Work request: Go to the line with "Page 12 of manga Hikage no Hana (uncensored)" in the material below and copy from there through the line with "Jack Lark: Rogue", exactly. Pictures are not copied.
Entries provided Block Start
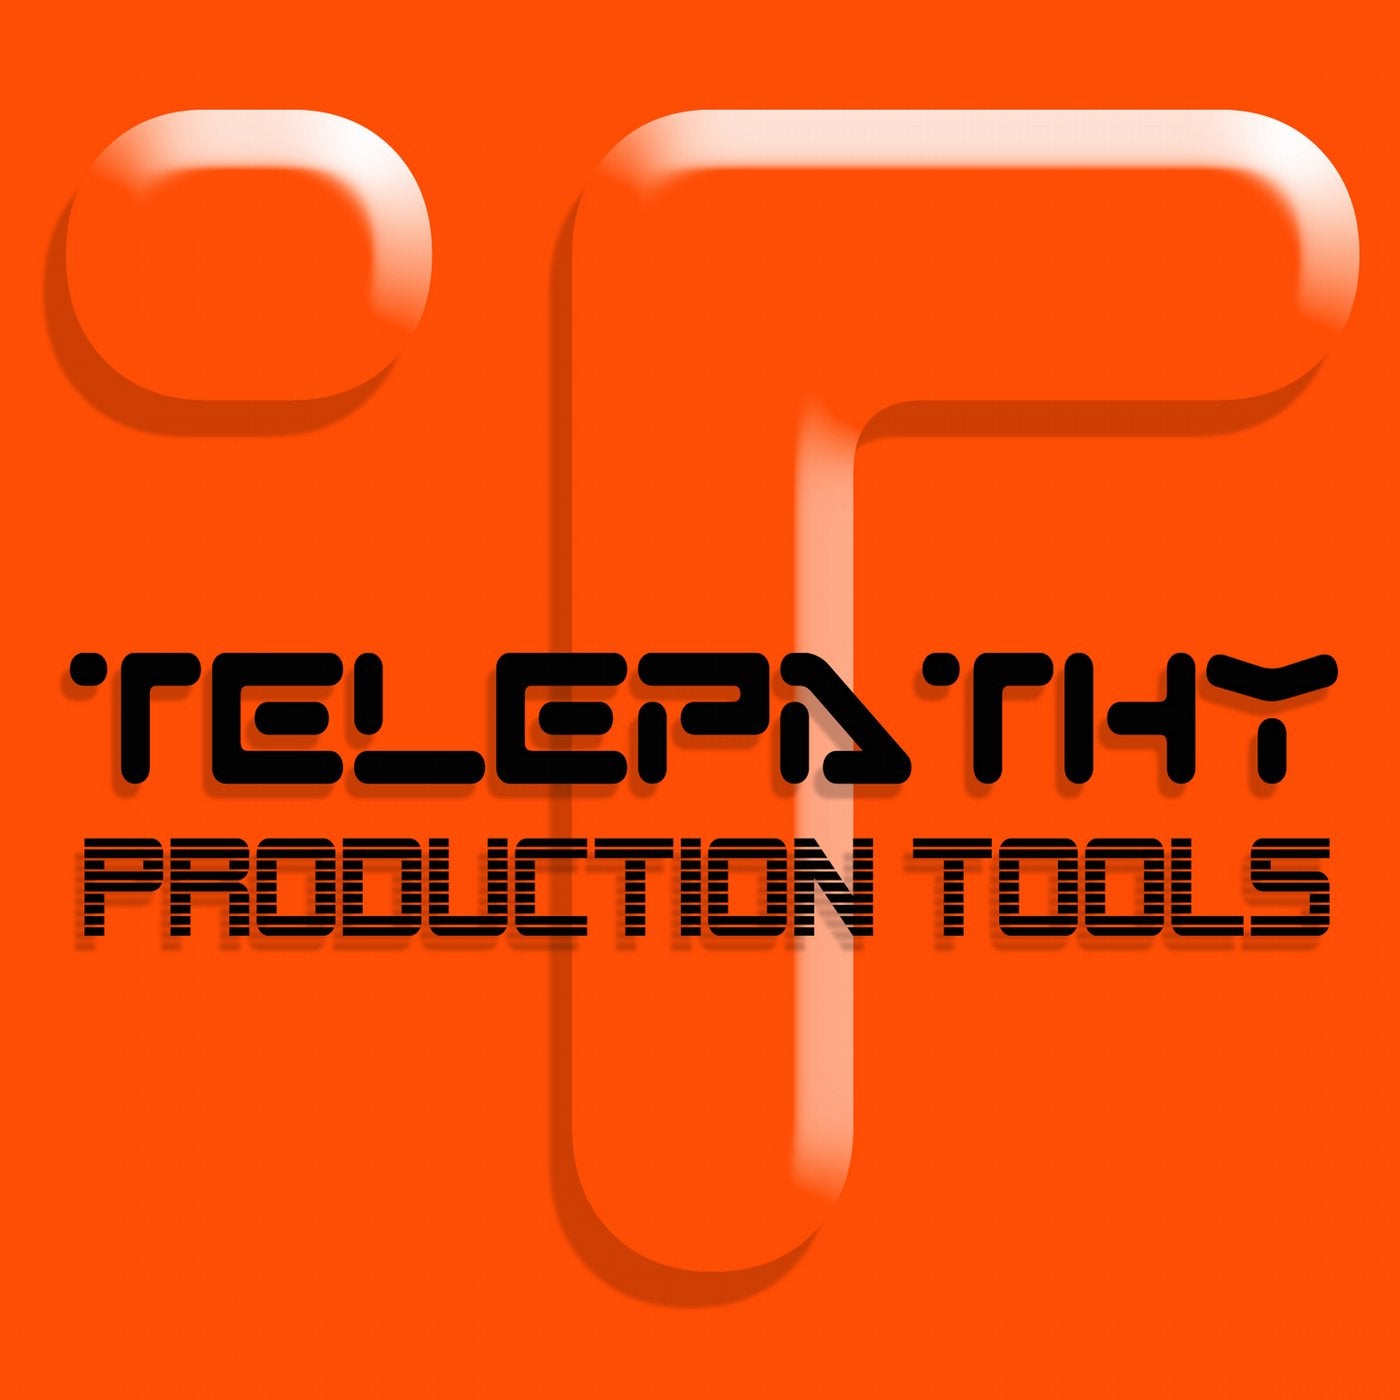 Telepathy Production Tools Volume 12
Entries provided Block End
Entries provided Block Start
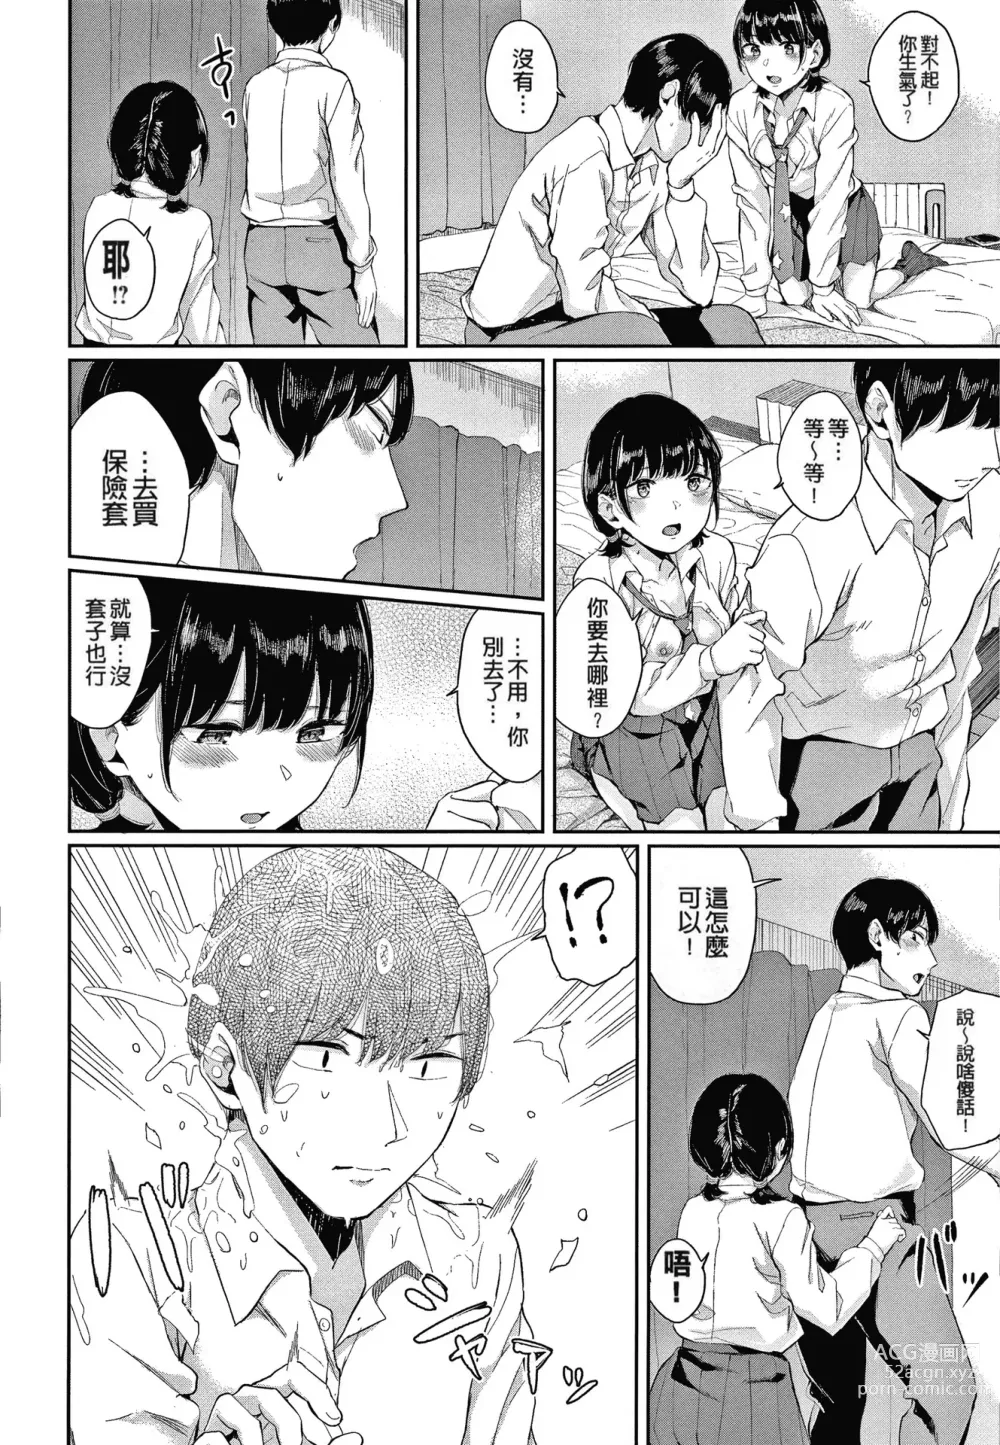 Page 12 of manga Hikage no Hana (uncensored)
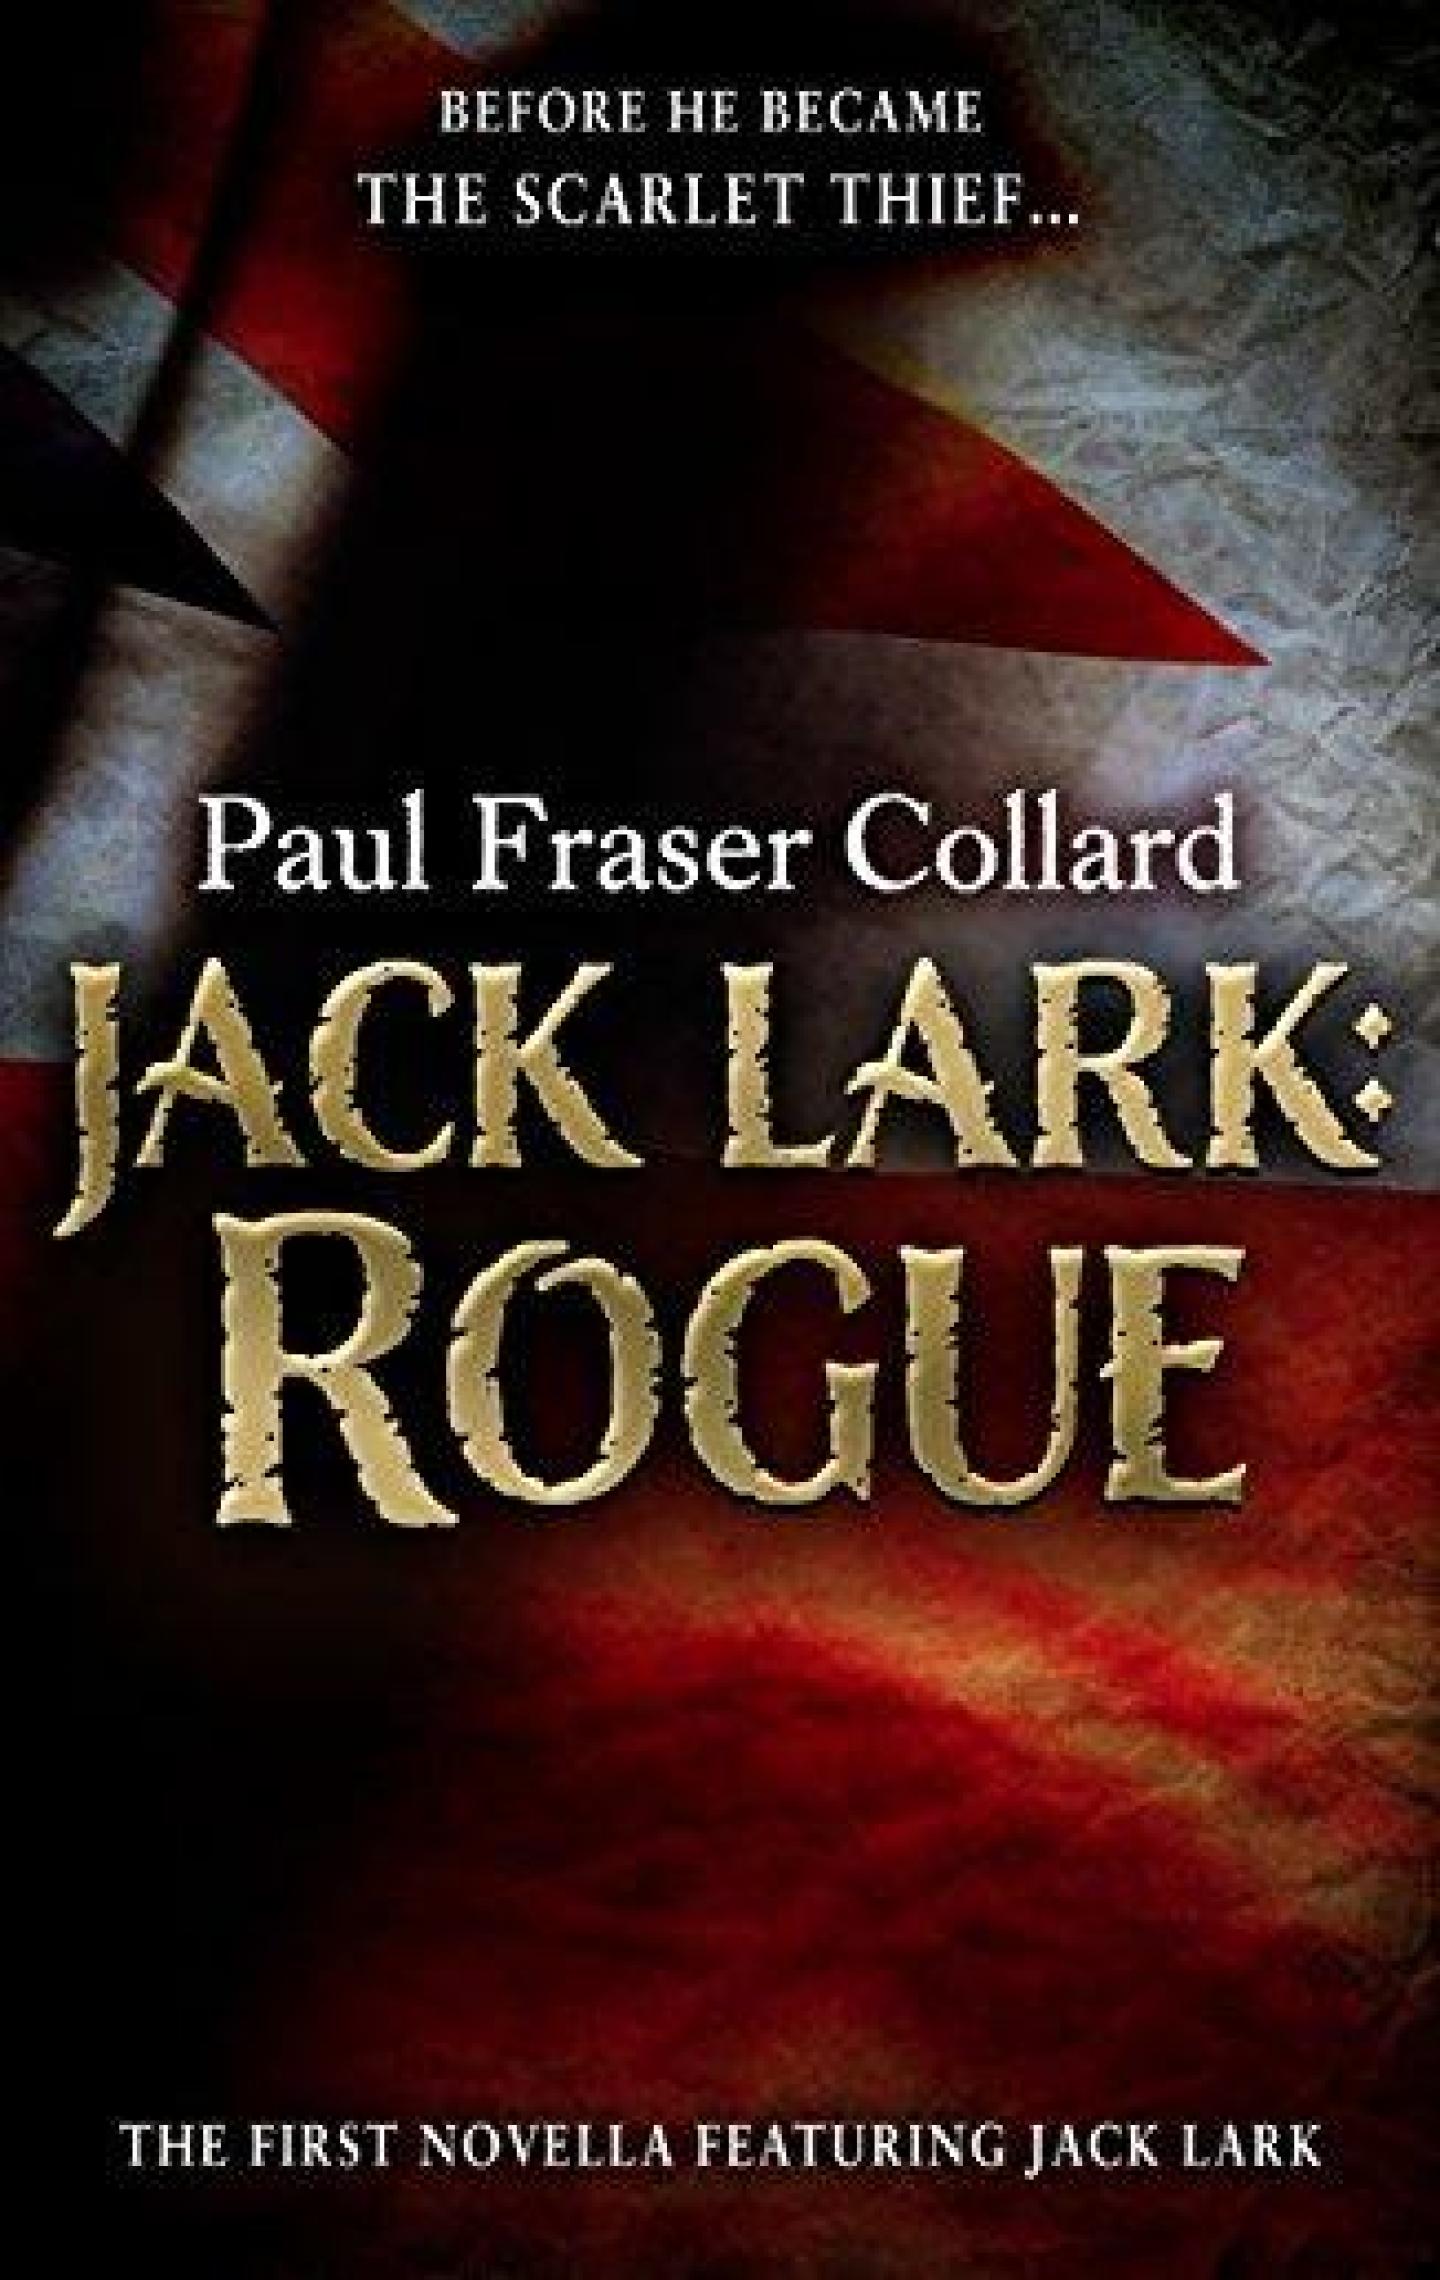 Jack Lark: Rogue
Entries provided Block End
Answer:
 Page 12 of manga Hikage no Hana (uncensored)
 Jack Lark: Rogue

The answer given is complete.